WHAT IS NEEDED:
What the task requires is an exact printout of the listing below, pictures excluded.

SUPPLIED INFORMATION:
- Opening Delimiter -

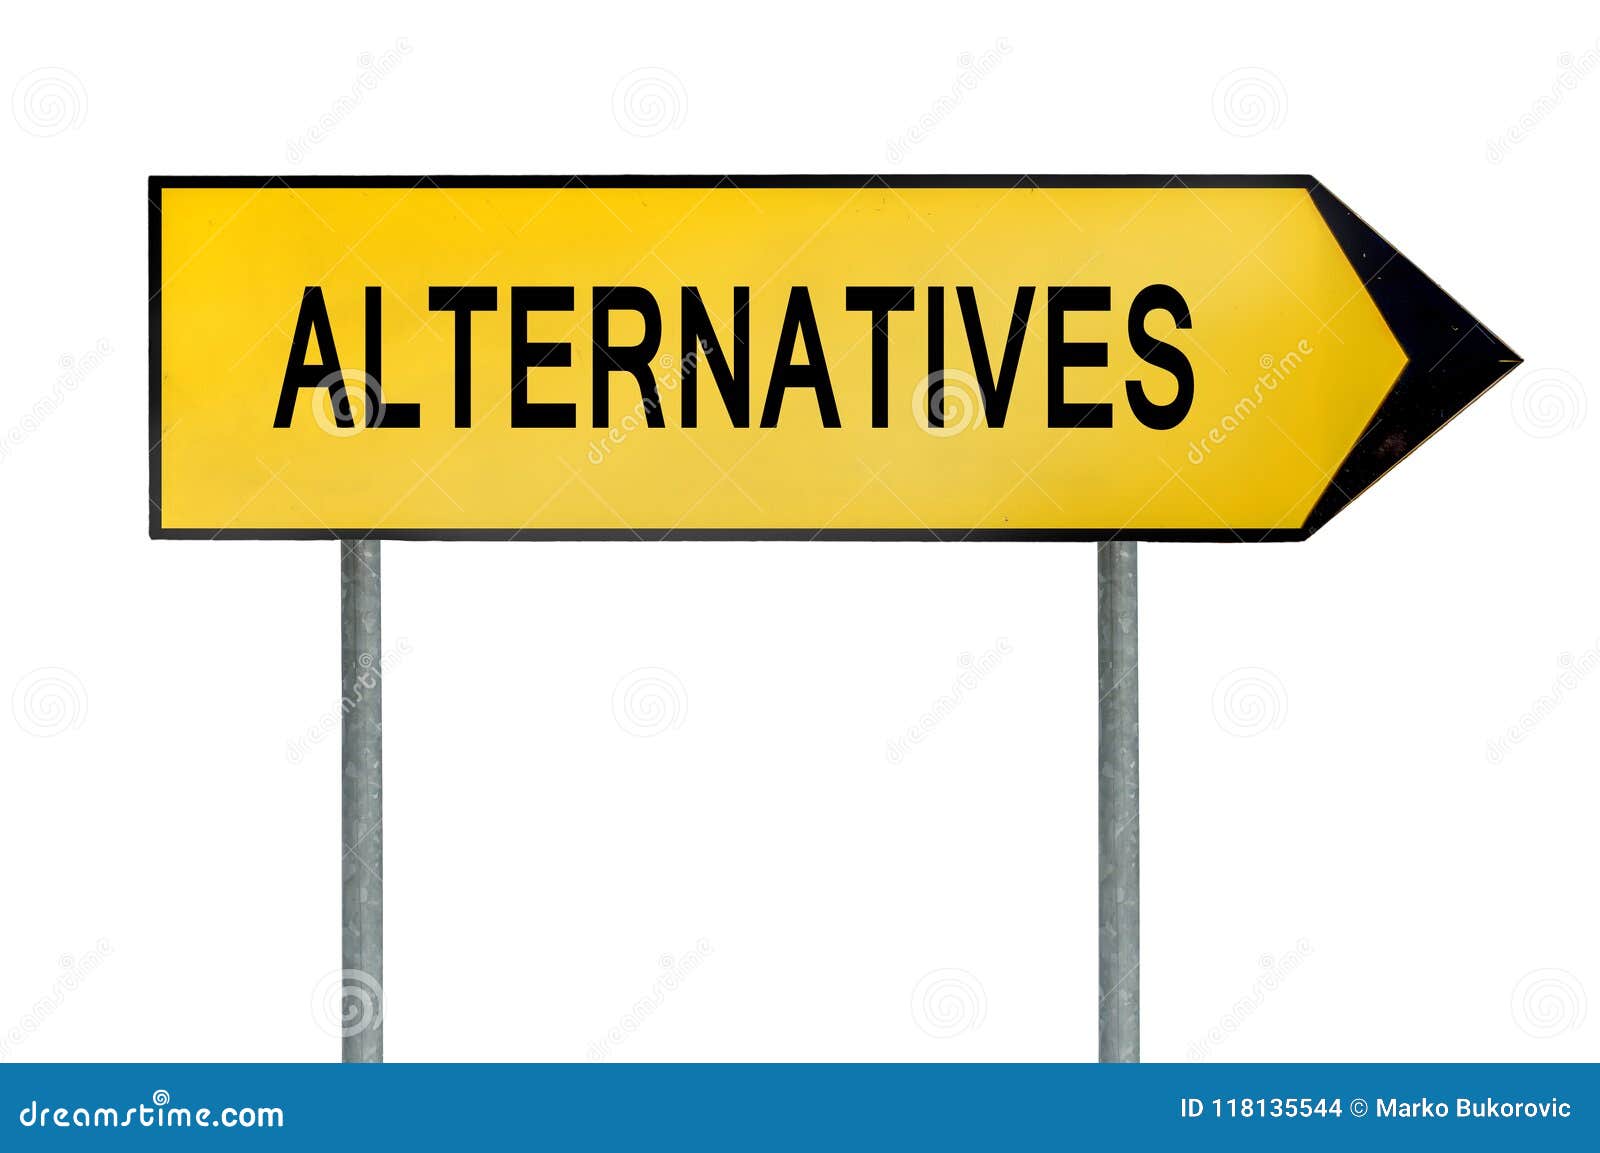 alterNatives
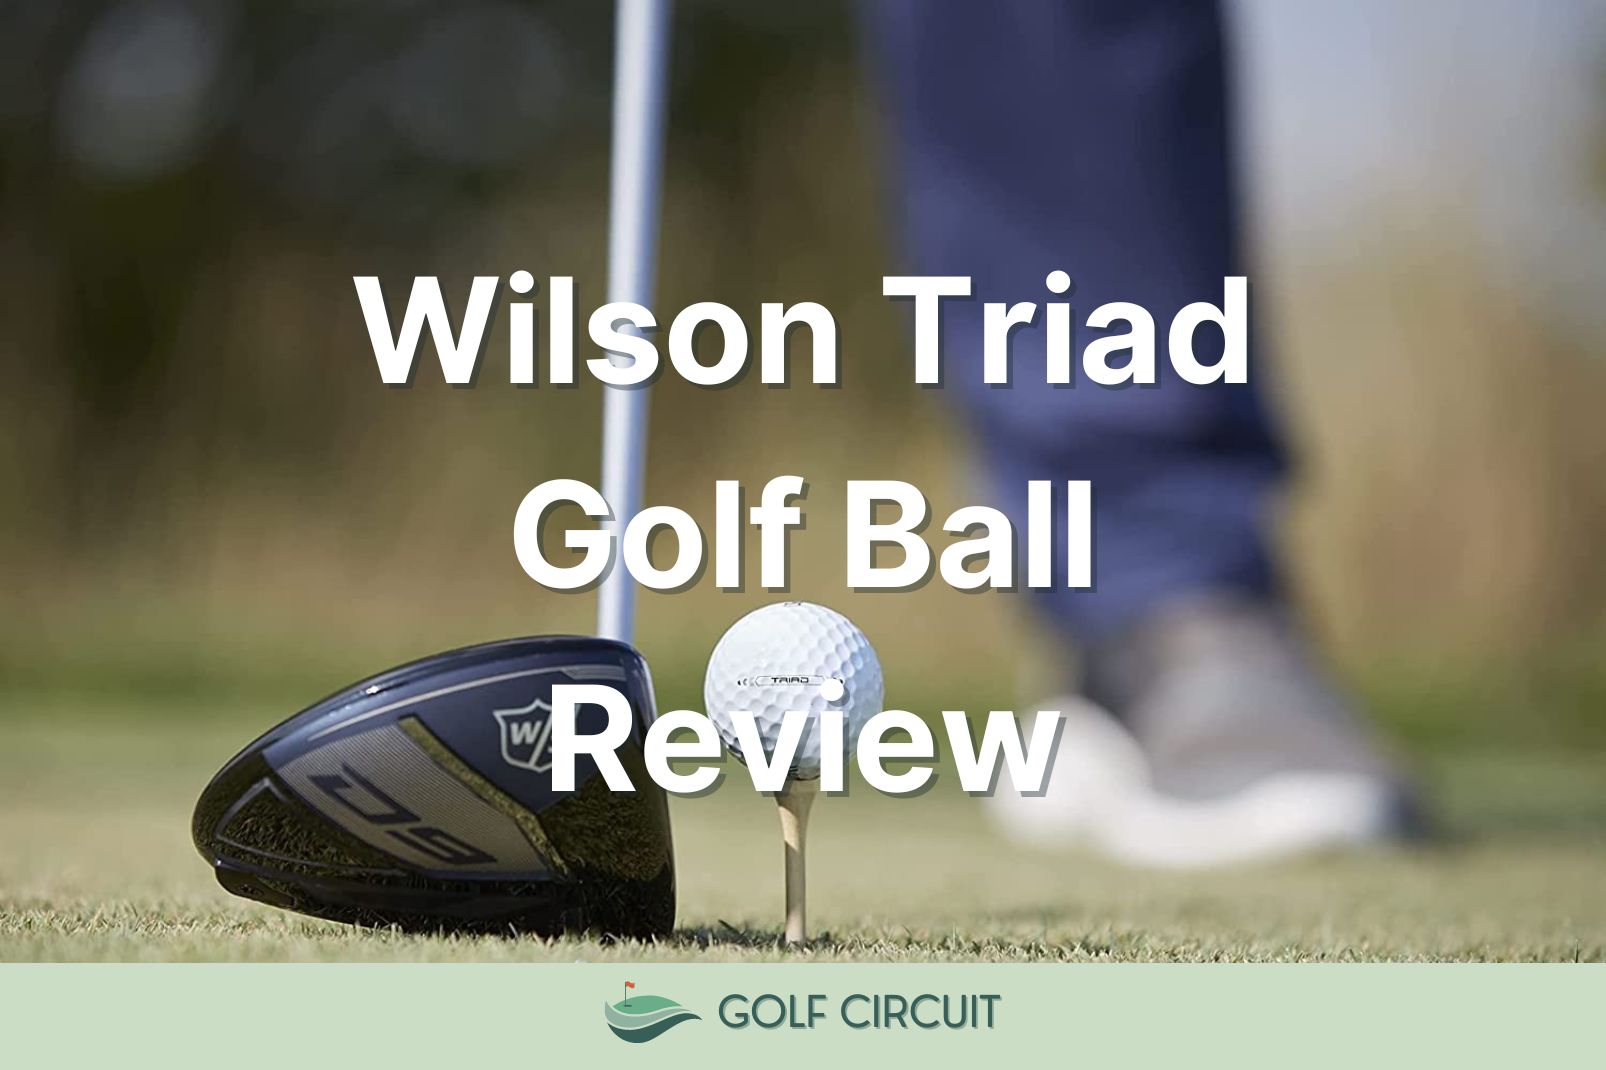 Wilson Triad Golf Ball Review
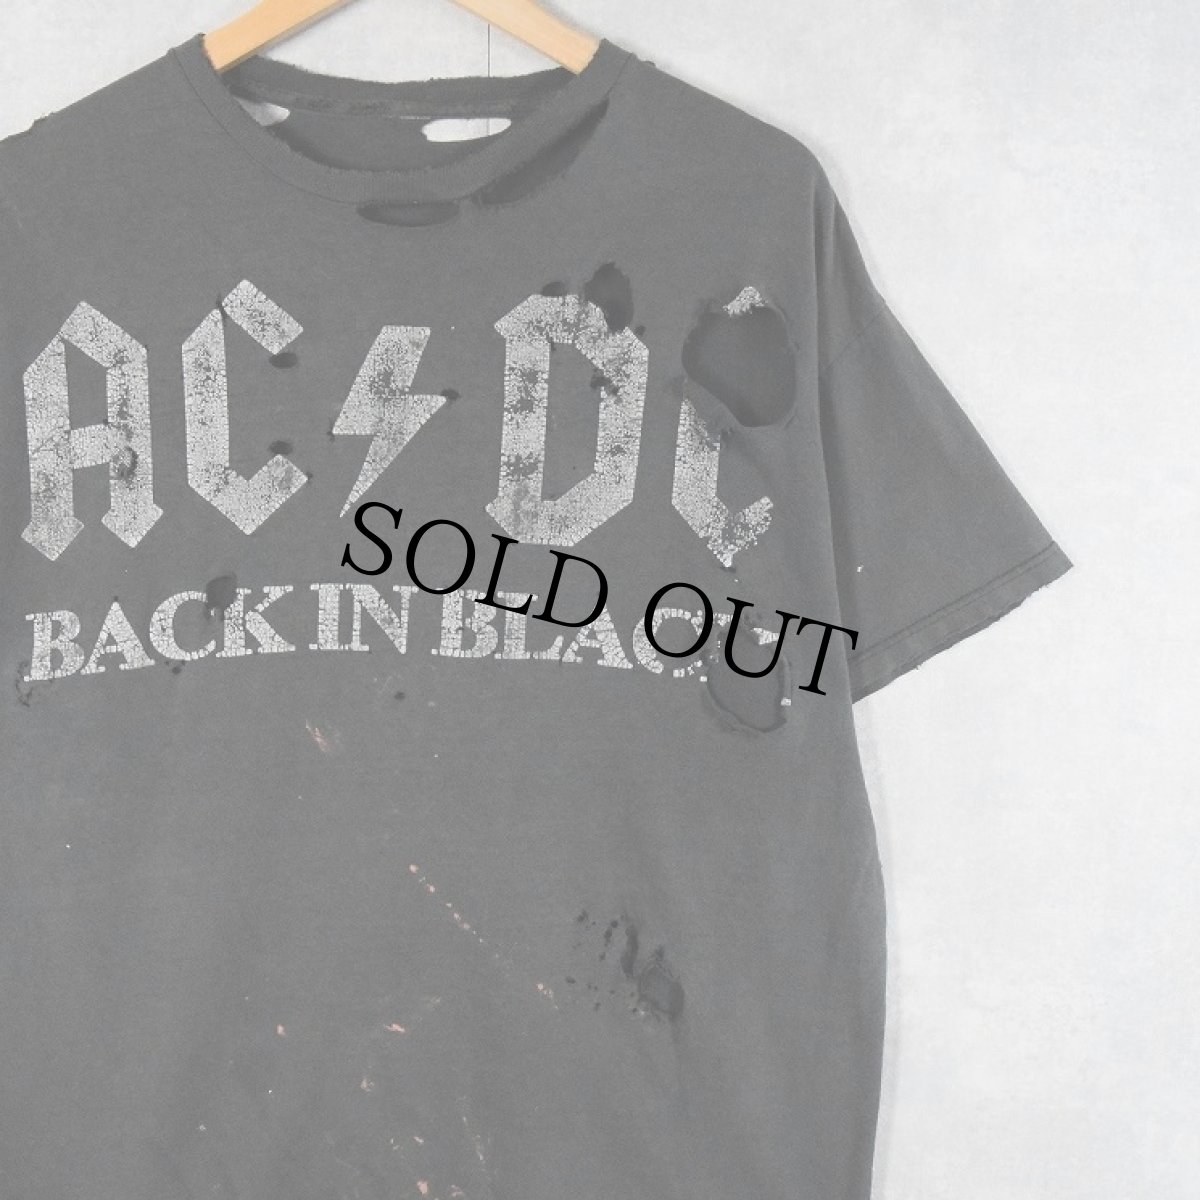 画像1: AC/DC "BACK IN BLACK" ロックバンドTシャツ (1)
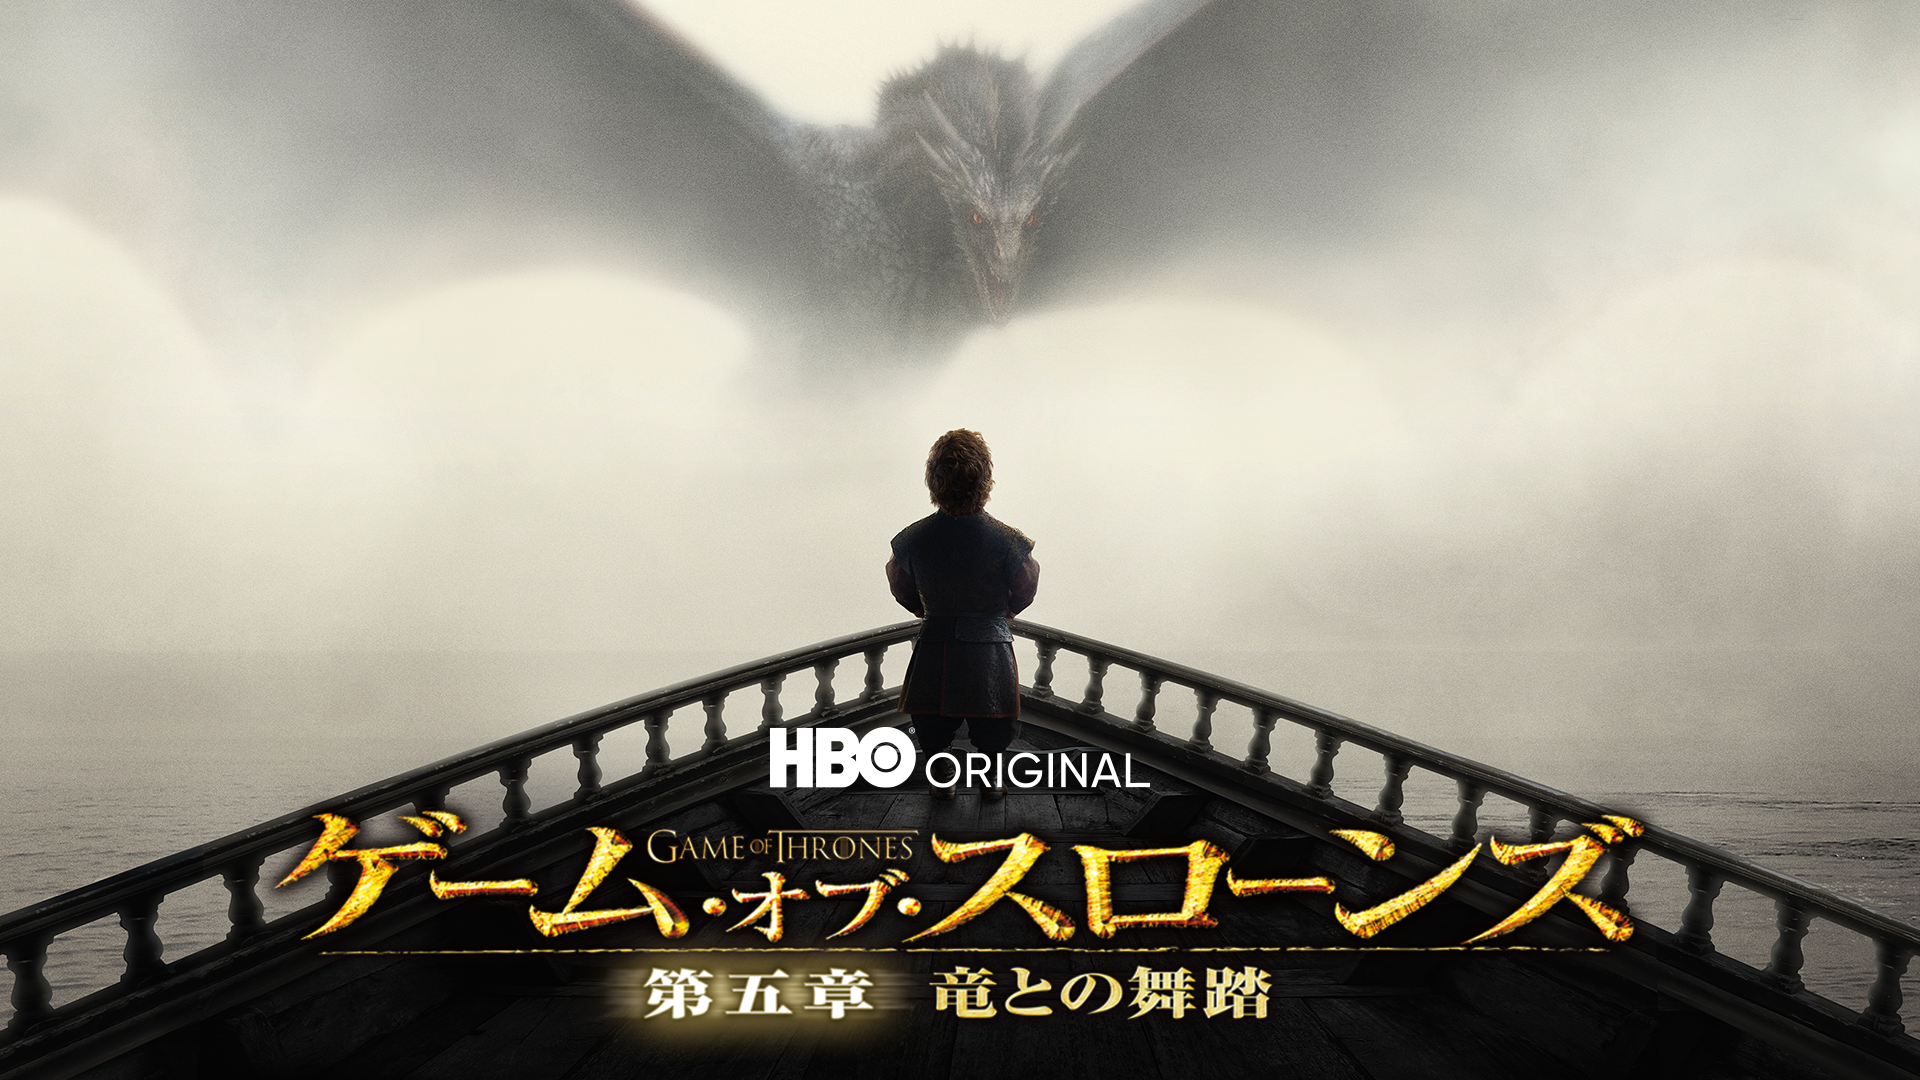 ゲーム・オブ・スローンズ 第五章: 竜との舞踏 ブルーレイセット(5枚組) [Blu-ray] z2zed1b

- Closing Delimiter -

EXERCISE SOLUTION:
 alterNatives
 Wilson Triad Golf Ball Review
 画像1: AC/DC "BACK IN BLACK" ロックバンドTシャツ (1)
 ゲーム・オブ・スローンズ 第五章: 竜との舞踏 ブルーレイセット(5枚組) [Blu-ray] z2zed1b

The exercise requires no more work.